■ Dataset extract
────────────────────

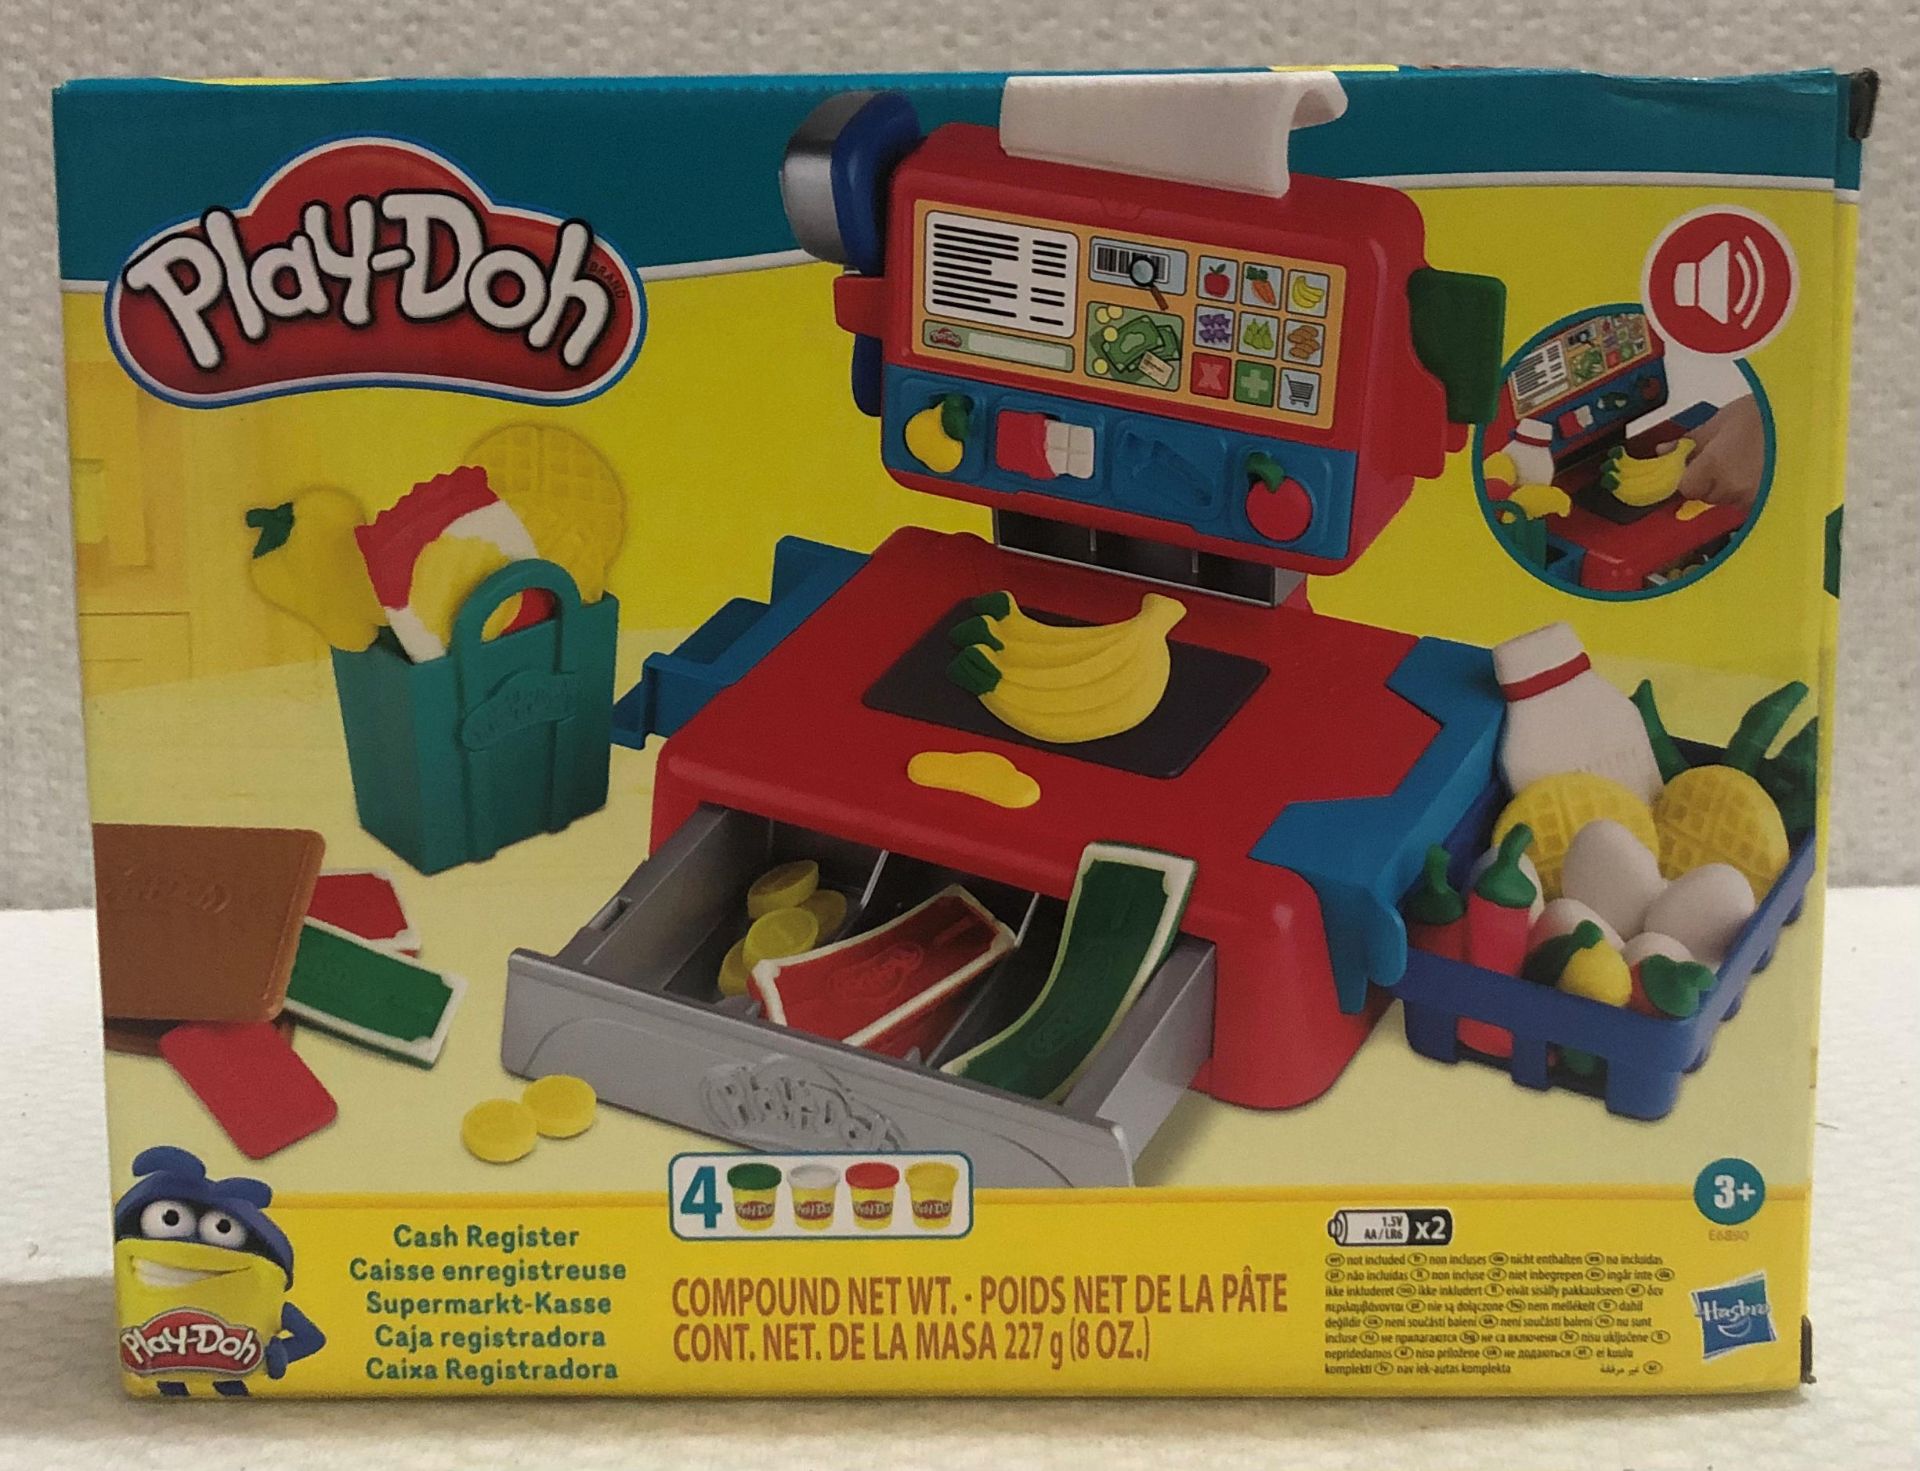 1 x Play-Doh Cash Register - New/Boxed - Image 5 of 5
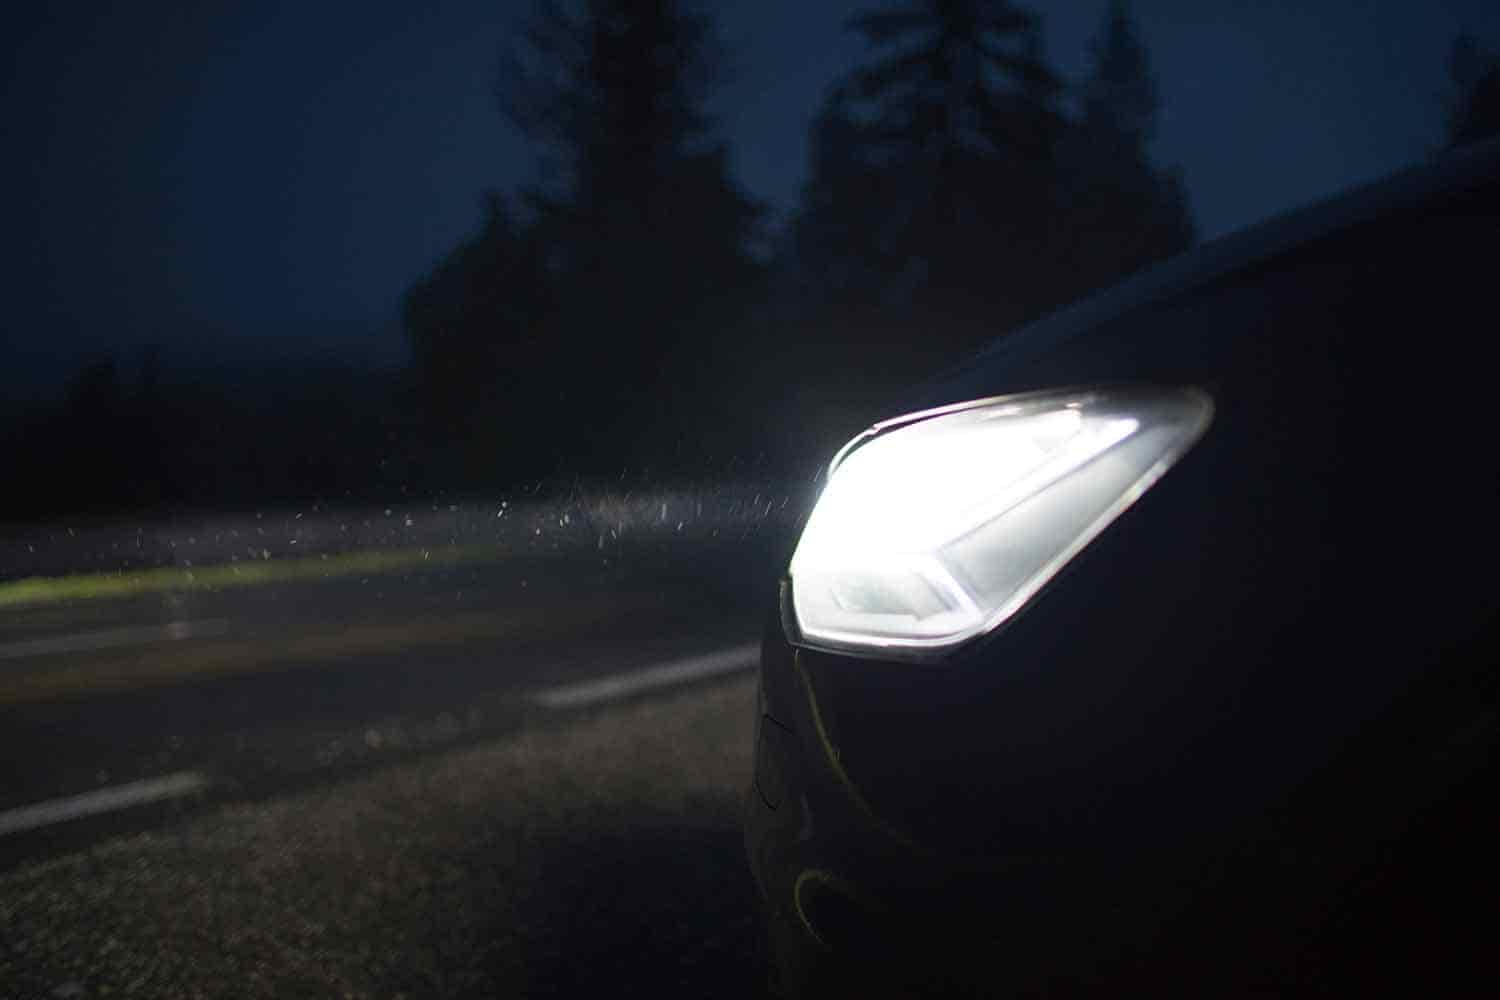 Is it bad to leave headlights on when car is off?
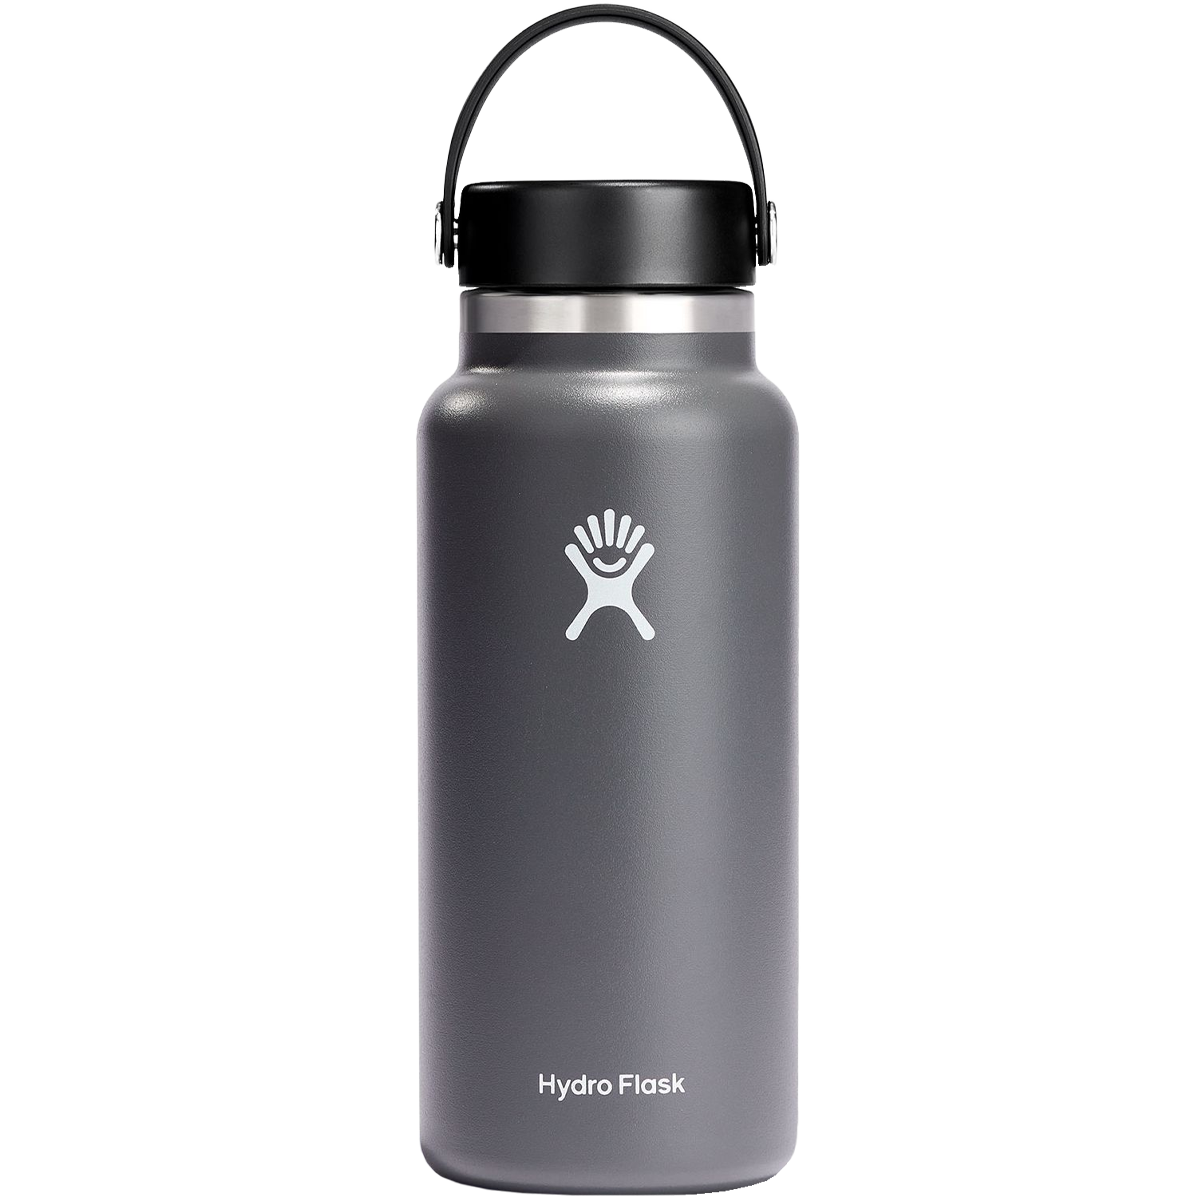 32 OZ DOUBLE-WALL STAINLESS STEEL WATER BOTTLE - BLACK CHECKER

────────────────────

■ Assignment
Copy the listing exactly. Any image in it stays out of the copy.

■ Result for this task
 1 x Play-Doh Cash Register - New/Boxed - Image 5 of 5
 Is it bad to leave headlights on when car is off?
 32 OZ DOUBLE-WALL STAINLESS STEEL WATER BOTTLE - BLACK CHECKER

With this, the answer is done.